→ Activity
Your copy should repeat the data that follows exactly and contain no image.

→ Information shown

--- START ---

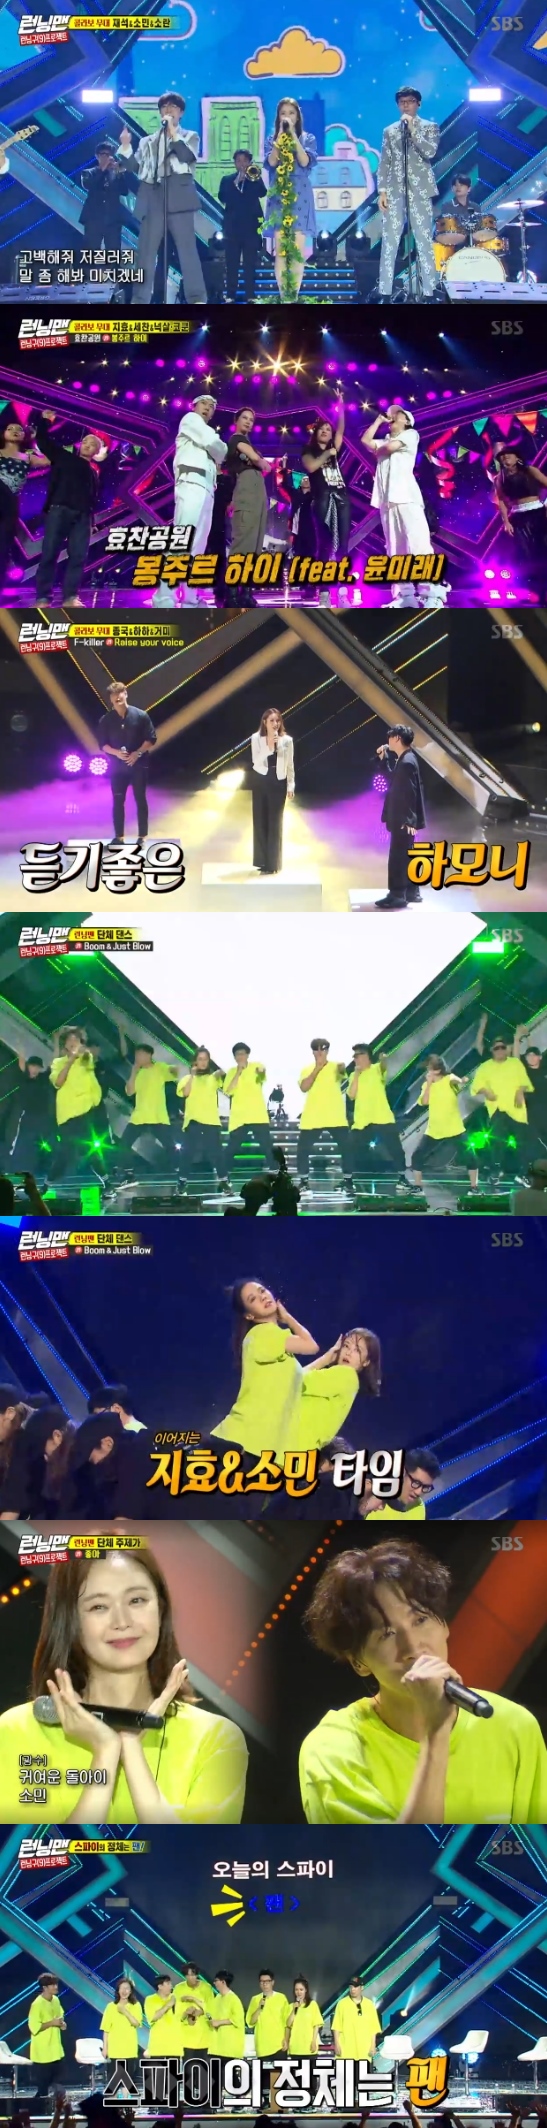 Running Man successfully completed the Nine-year anniversary commemorative fan meeting.On the 22nd SBS Good Sunday - Running Man, spider, Hong Jin Young, Nucksal, and Code Kunst set the stage.On this day, Hyochan Park (Song Ji-hyo, Yang Se-chan, Nuxal, and Kodkunst) set up a stage for collaboration with Bongjur High.The secret weapon at Hyochan Park was Yoon Mi-rae, who caught the stage at once with a tremendous presence.The following performances will be Come Out Confessions by Jeon So-Ran and Yoo Jae-Suk (Jeon So-min, So-Ran, Yoo Jae-Suk).It was a song with the heart of Jeon So-min waiting for Confessions: Yoo Jae-Suk said, Its scary because it feels like delivering a message on behalf of Somin.Its too direct, he laughed, but Ko Young-bae said, Jeon So-min is a genius if you look at the lyrics.The staged fire and Yoo Jae-Suk attracted attention with their cute and exciting stage.Spiders, Kim Jong-kook and Haha formed F - Killer (fan killer).Haha mentioned the conversation between the cockpit and the spider and said, If you do, Ill rap. The three people kissed with Raise your voice.In the song of the spider, A Pink Jung Eunji said, It seems that the light falls only over the head of the spider. He also admired I want to sing like that once.All members then showed a group dance, which was a stage where the members efforts were fully filled.Kim Jong-kook and Jeon So-mins high-level lifting also made it clean, and Song Ji-hyo and Jeon So-mins two-top dance, date-sized and jump dance were also perfect.The choreographer Ri A-kim was also content and wept.After the stage, the members encouraged each other, and Song Ji-hyo could not speak in a hearty mind.Song Ji-hyo pressed a word he wanted to say and said thank you; Lee Kwang-soos turn to say hello.My brother is not a fool, he shouted in the audience, laughing. Yoo Jae-Suk also said, Its not a lunatic. Give me a lot of rumors.As Lee Kwang-soos words lengthen, Yoo Jae-Suk even orders to stop the comment quickly.After the group theme Like ended, the members began to guess Spy.Yoo Jae-Suk, Lee Kwang-soo and Yang Se-chan suspected each other, pointing to Ji Suk-jin, but Spy was a fan.Haha, Song Ji-hyo, Lee Kwang-soo and Jeon So-min are facing fresh cream penalties.Photo = SBS Broadcasting Screen
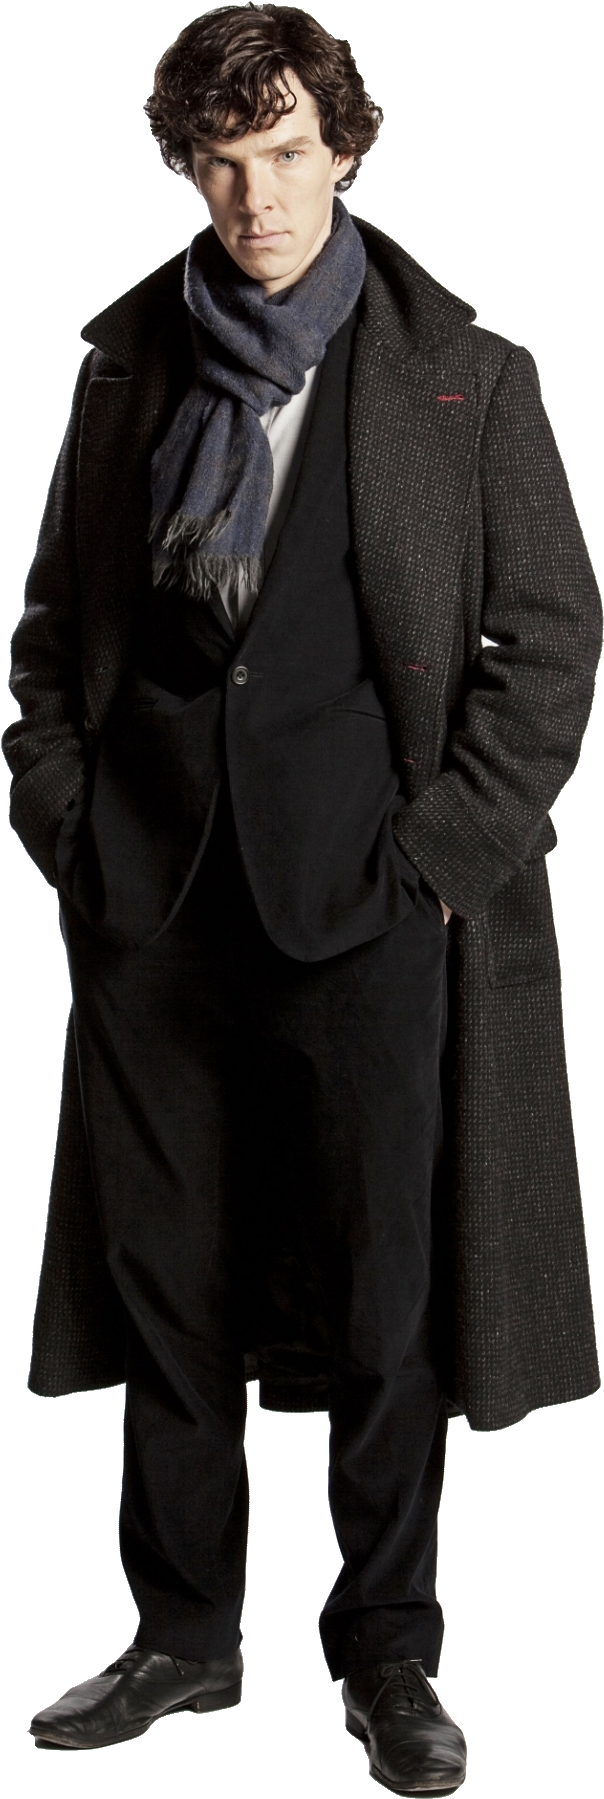 Modern Detective Standing Pose PNG
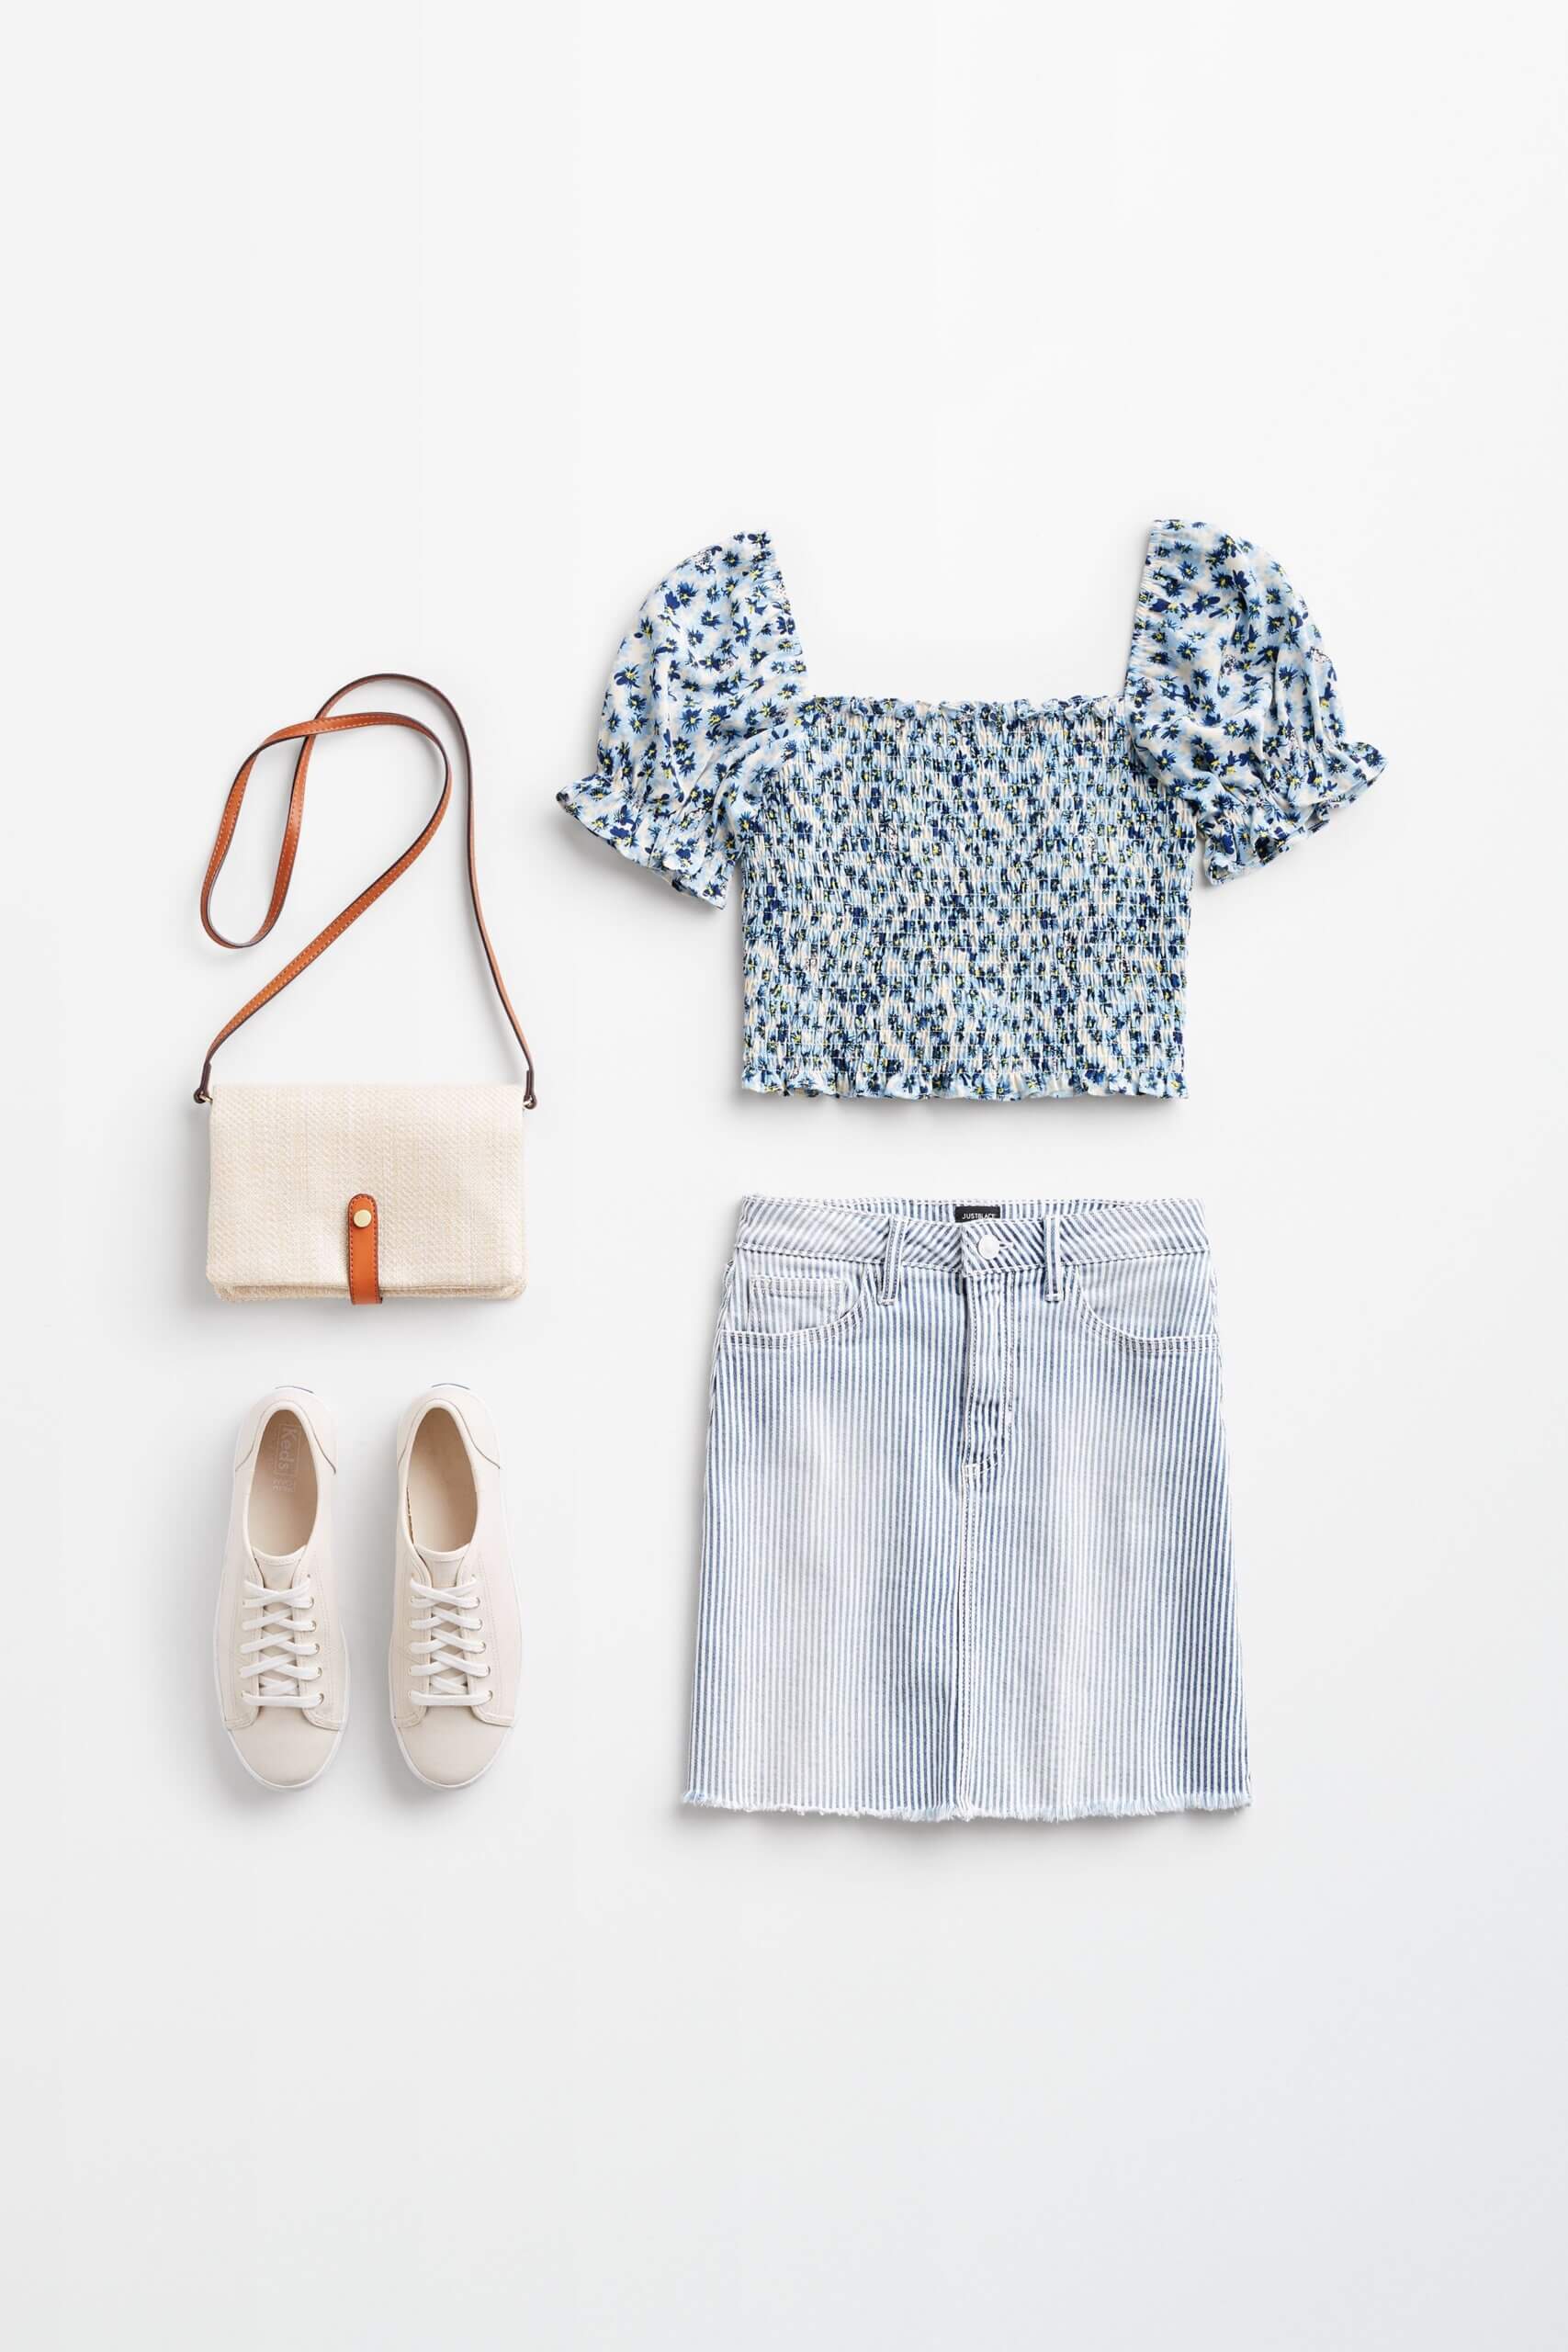 Stitch Fix Women’s outfit laydown featuring denim skirt, smocked blouse with puff sleeves, sneakers and crossbody bag.
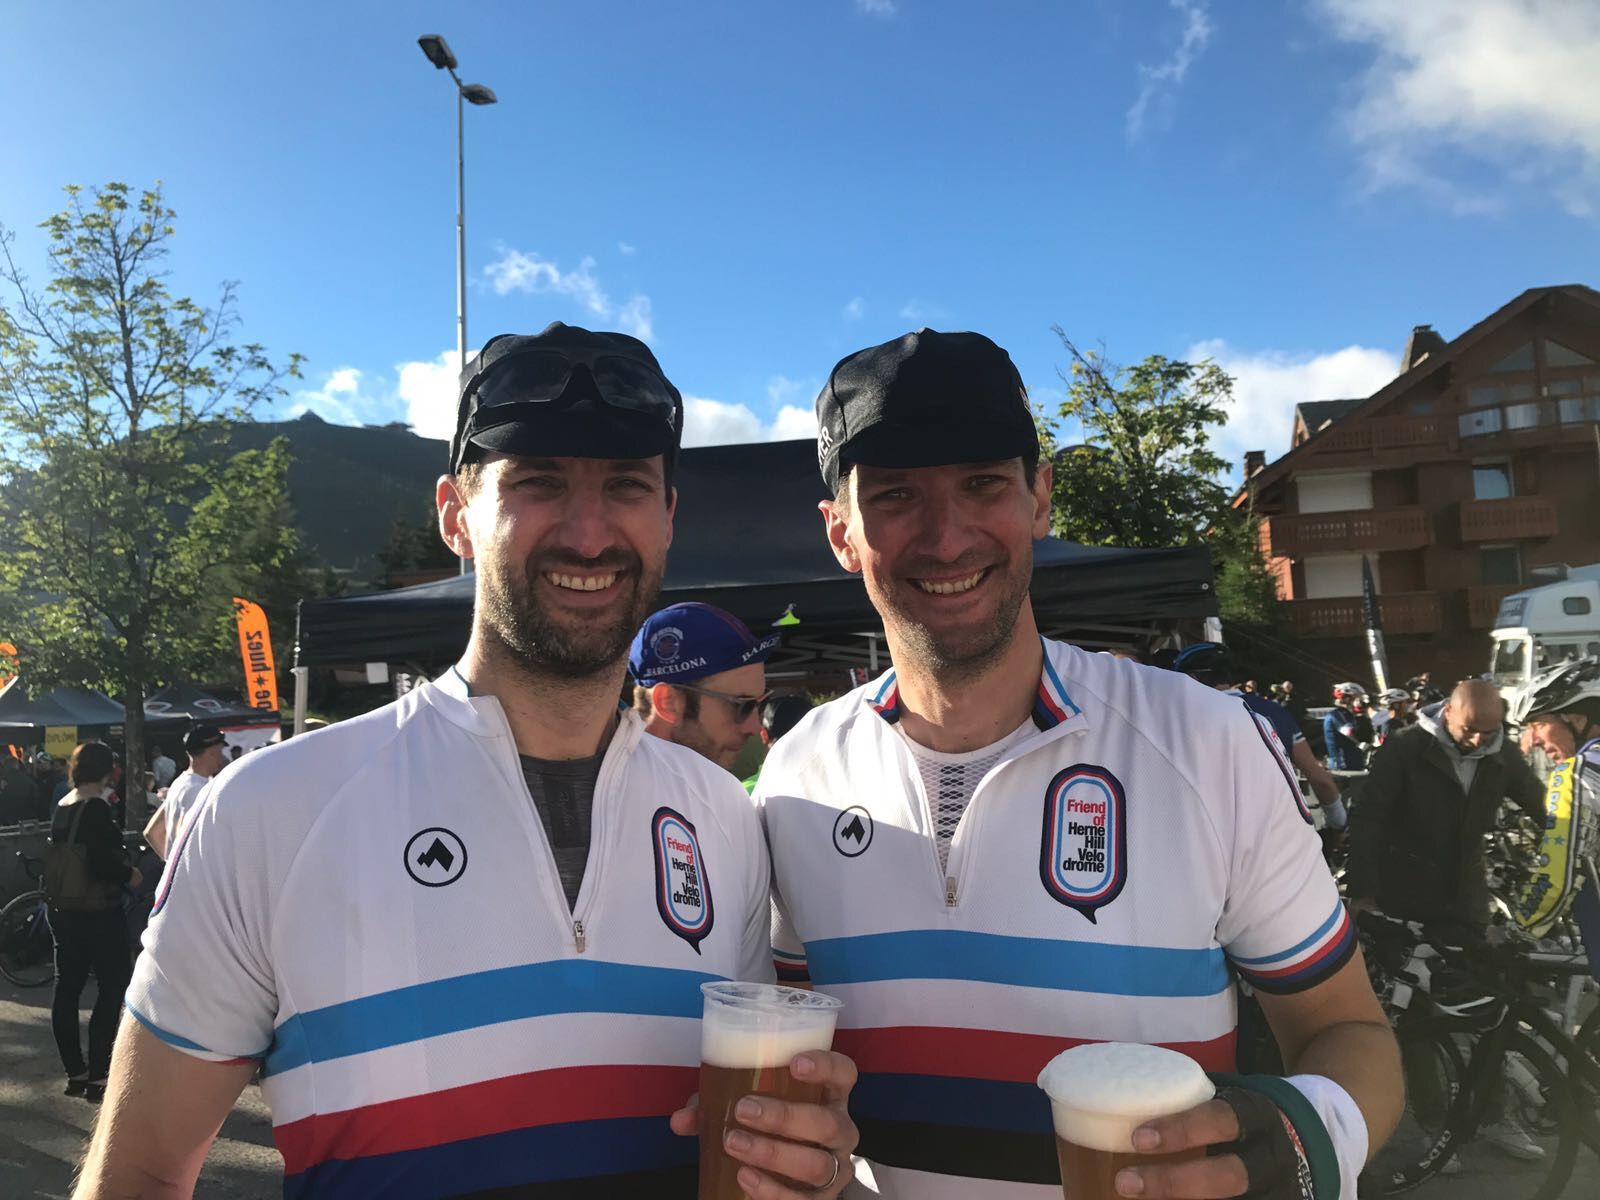 Steve and Andy at La Marmotte with beers in hand

--- END ---

→ Answer section
 Running Man successfully completed the Nine-year anniversary commemorative fan meeting.On the 22nd SBS Good Sunday - Running Man, spider, Hong Jin Young, Nucksal, and Code Kunst set the stage.On this day, Hyochan Park (Song Ji-hyo, Yang Se-chan, Nuxal, and Kodkunst) set up a stage for collaboration with Bongjur High.The secret weapon at Hyochan Park was Yoon Mi-rae, who caught the stage at once with a tremendous presence.The following performances will be Come Out Confessions by Jeon So-Ran and Yoo Jae-Suk (Jeon So-min, So-Ran, Yoo Jae-Suk).It was a song with the heart of Jeon So-min waiting for Confessions: Yoo Jae-Suk said, Its scary because it feels like delivering a message on behalf of Somin.Its too direct, he laughed, but Ko Young-bae said, Jeon So-min is a genius if you look at the lyrics.The staged fire and Yoo Jae-Suk attracted attention with their cute and exciting stage.Spiders, Kim Jong-kook and Haha formed F - Killer (fan killer).Haha mentioned the conversation between the cockpit and the spider and said, If you do, Ill rap. The three people kissed with Raise your voice.In the song of the spider, A Pink Jung Eunji said, It seems that the light falls only over the head of the spider. He also admired I want to sing like that once.All members then showed a group dance, which was a stage where the members efforts were fully filled.Kim Jong-kook and Jeon So-mins high-level lifting also made it clean, and Song Ji-hyo and Jeon So-mins two-top dance, date-sized and jump dance were also perfect.The choreographer Ri A-kim was also content and wept.After the stage, the members encouraged each other, and Song Ji-hyo could not speak in a hearty mind.Song Ji-hyo pressed a word he wanted to say and said thank you; Lee Kwang-soos turn to say hello.My brother is not a fool, he shouted in the audience, laughing. Yoo Jae-Suk also said, Its not a lunatic. Give me a lot of rumors.As Lee Kwang-soos words lengthen, Yoo Jae-Suk even orders to stop the comment quickly.After the group theme Like ended, the members began to guess Spy.Yoo Jae-Suk, Lee Kwang-soo and Yang Se-chan suspected each other, pointing to Ji Suk-jin, but Spy was a fan.Haha, Song Ji-hyo, Lee Kwang-soo and Jeon So-min are facing fresh cream penalties.Photo = SBS Broadcasting Screen
 Modern Detective Standing Pose PNG
 Stitch Fix Women’s outfit laydown featuring denim skirt, smocked blouse with puff sleeves, sneakers and crossbody bag.
 Steve and Andy at La Marmotte with beers in hand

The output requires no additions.